### PROBLEM TO SOLVE
The line with "Bốn bí thư tỉnh", the line with "barley (7).JPG", and all lines between them in the material below: return these exactly, and no others.

### DATA
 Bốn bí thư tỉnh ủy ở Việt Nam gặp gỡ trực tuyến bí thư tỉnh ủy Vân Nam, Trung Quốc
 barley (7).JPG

--

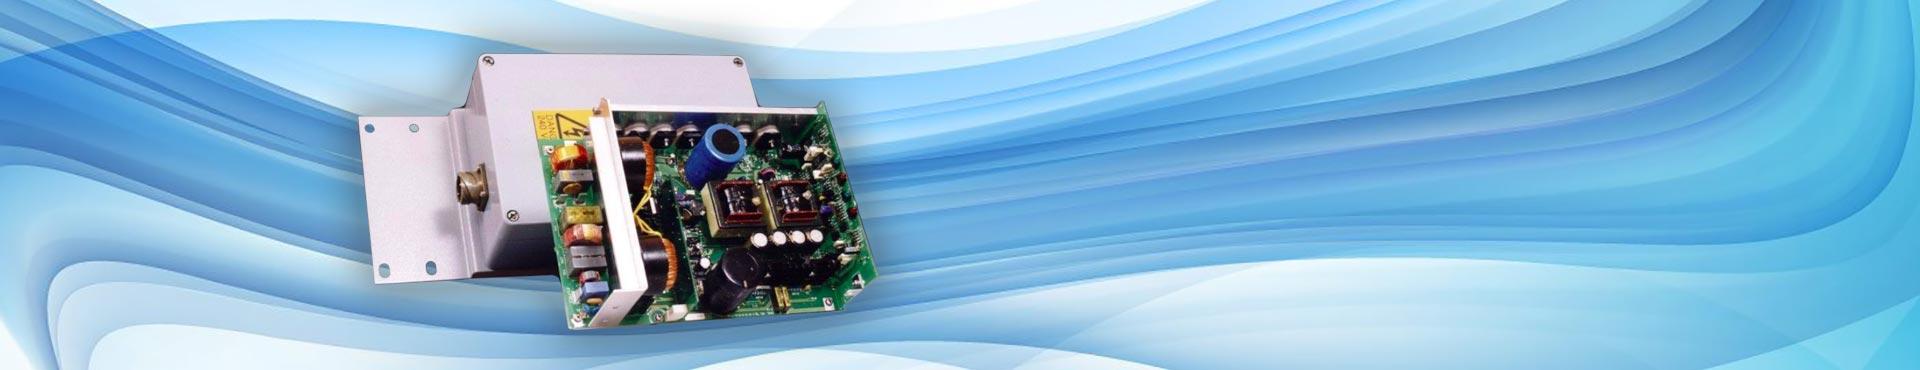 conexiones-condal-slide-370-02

### REPLY TO THE EXERCISE
 Bốn bí thư tỉnh ủy ở Việt Nam gặp gỡ trực tuyến bí thư tỉnh ủy Vân Nam, Trung Quốc
 barley (7).JPG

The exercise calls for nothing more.